For example, when the bytes stored in the compressed binary file are:

41 42 43 44 45 46 47 00 06 05 48

in the hexadecimal form, the restored file stores the following bytes:

41 42 43 44 45 46 47 42 43 44 45 46 48

Write the program that restores a compressed binary file by the method shown above, and prints the size (bytes) of the file after the restoration. Restore the compressed binary files data2.bin, data2b.bin, and data2c.bin by that program, and write their sizes (bytes) after the restoration down on the answer sheet. After the restoration, name the files data2a.txt, data2b.tif, and data2c.txt, respectively. Store them in the USB flash drive.

(3) Write the program that compresses the given binary file and prints the size (bytes) of the file after the compression. The compressed file is restored by the program written for (2). The program compresses the file to be as small as possible. Compress the binary file data3a.txt, data3b.png, and data3c.txt by that program, and write their sizes after the compression down on the answer sheet. After the compression, name the files data3a.bin, data3b.bin, data3c.bin, respectively. Store them in the USB flash drive.

(4) We encrypt English text by a simple substitution cipher and store the encrypted text in a file. The text consists of lower-case letters a to z, periods ., and/or white space characters.
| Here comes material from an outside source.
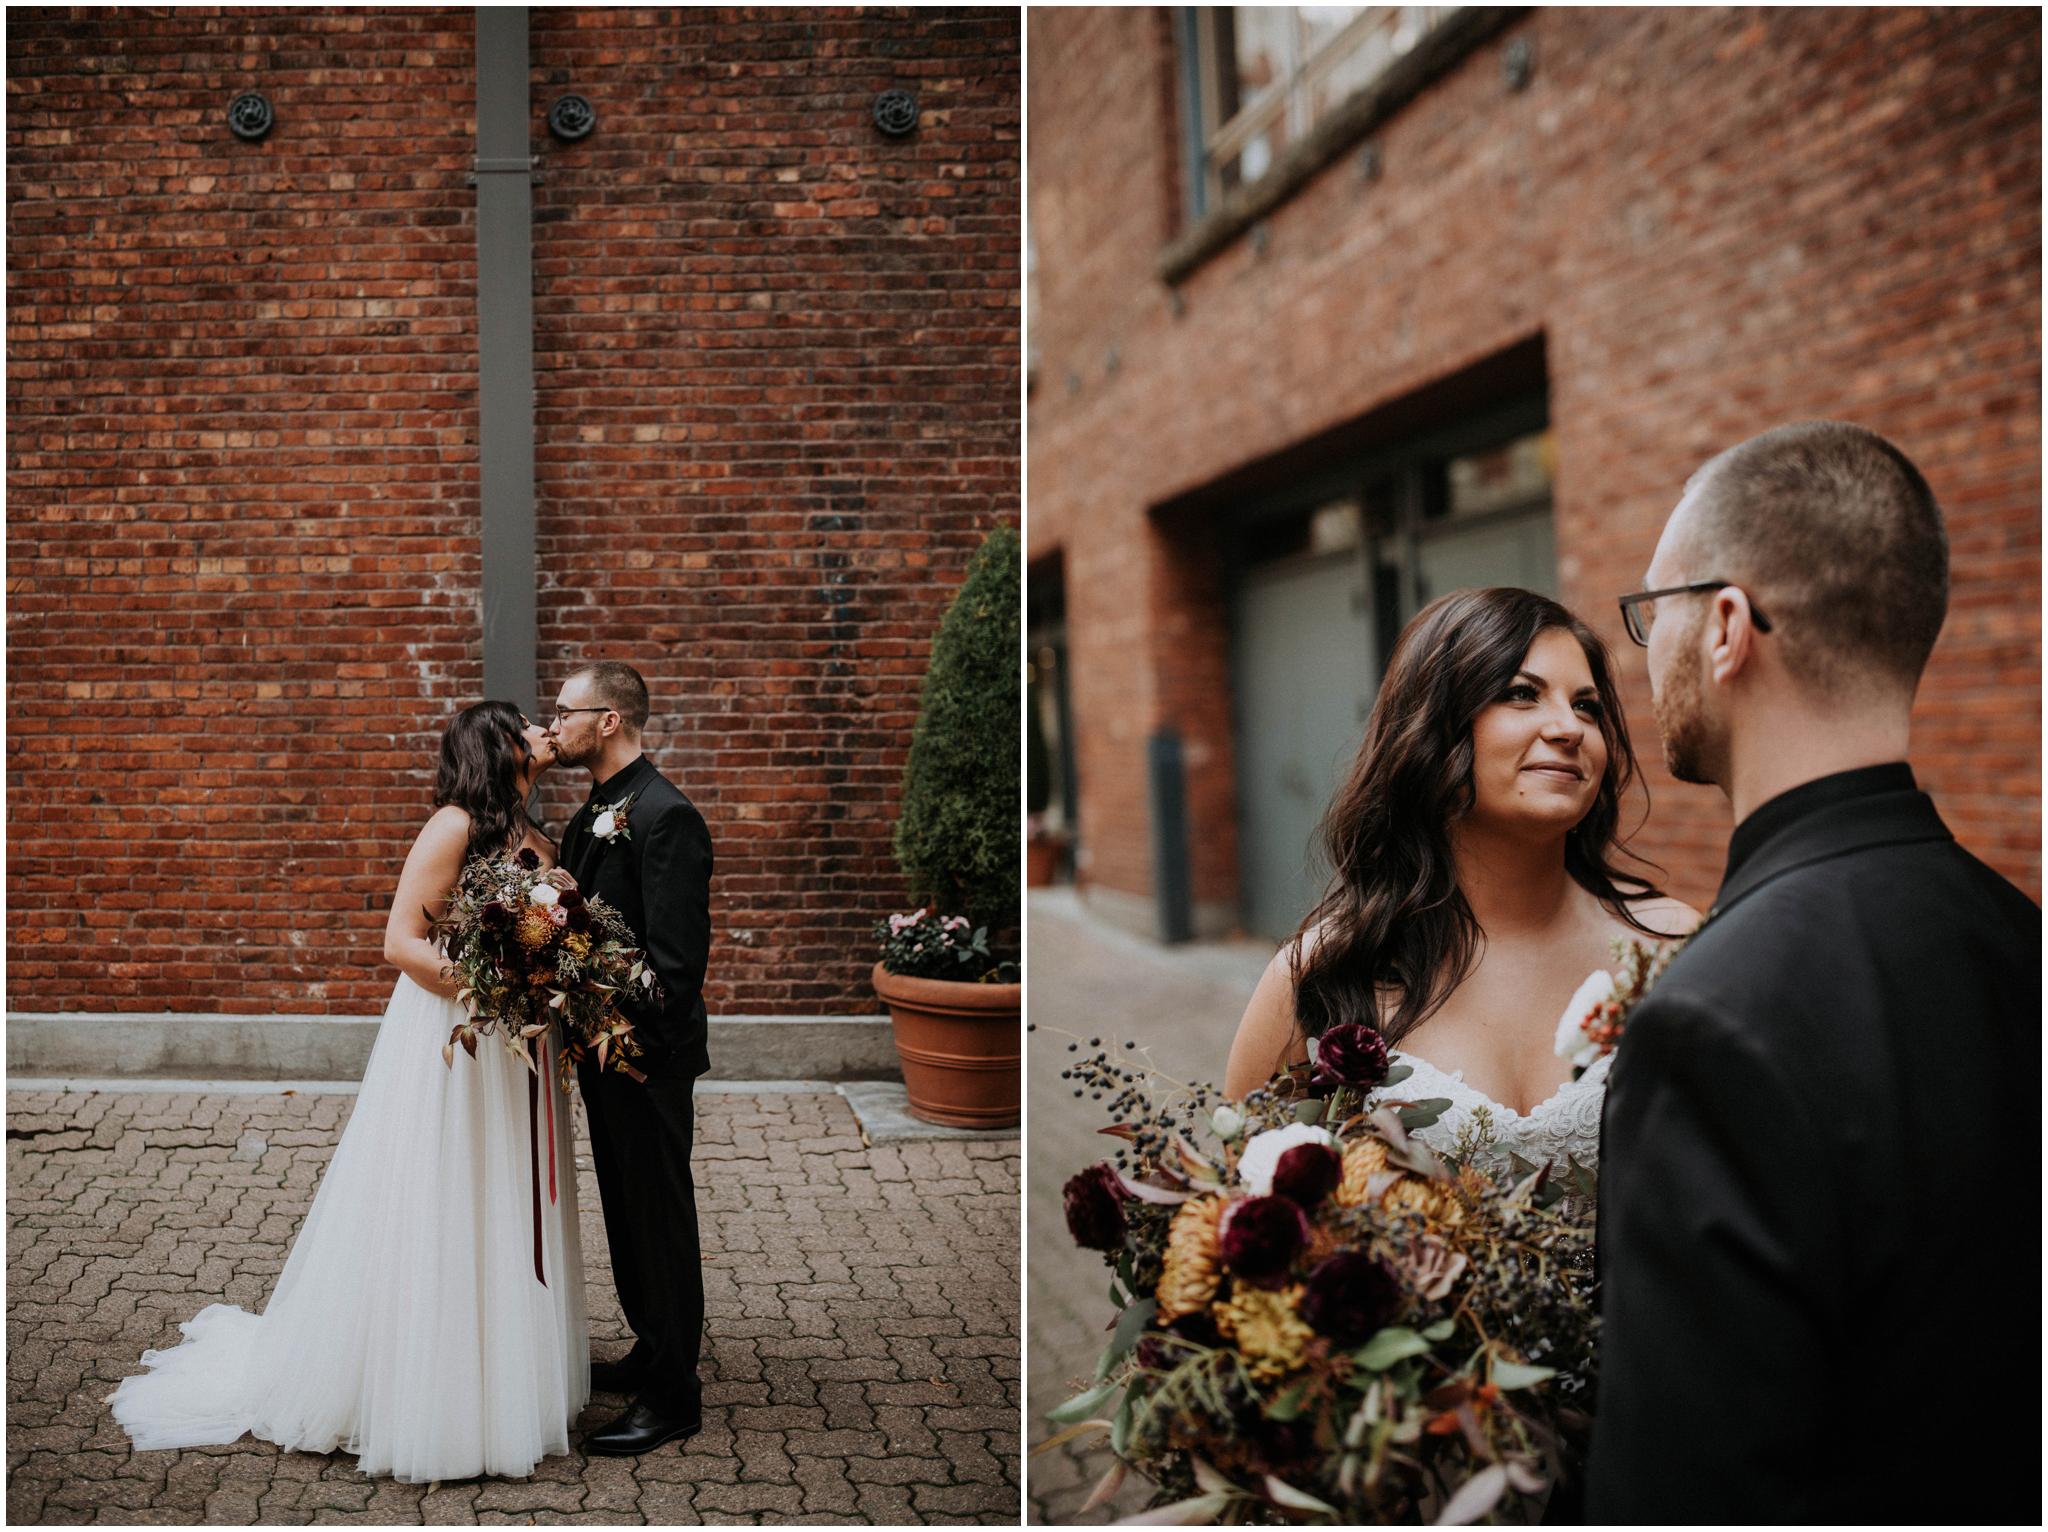 danny+mackenzie+downtown-seattle-axis-wedding-seattle-photographer-033.jpg

A sentence ends with a period. A simple substitution cipher encrypts the text by replacing each letter with another fixed letter (lower-case alphabets, a period, or a white space character), which may be the same letter.

The text file data4.txt stores a cipher text encrypted by this method. Decrypt data4.txt by referring to data4dict.txt (white-space separated), which lists all the words included in the plaintext obtained by decrypting data4.txt, and write the first sentence of the obtained plaintext down on the answer sheet.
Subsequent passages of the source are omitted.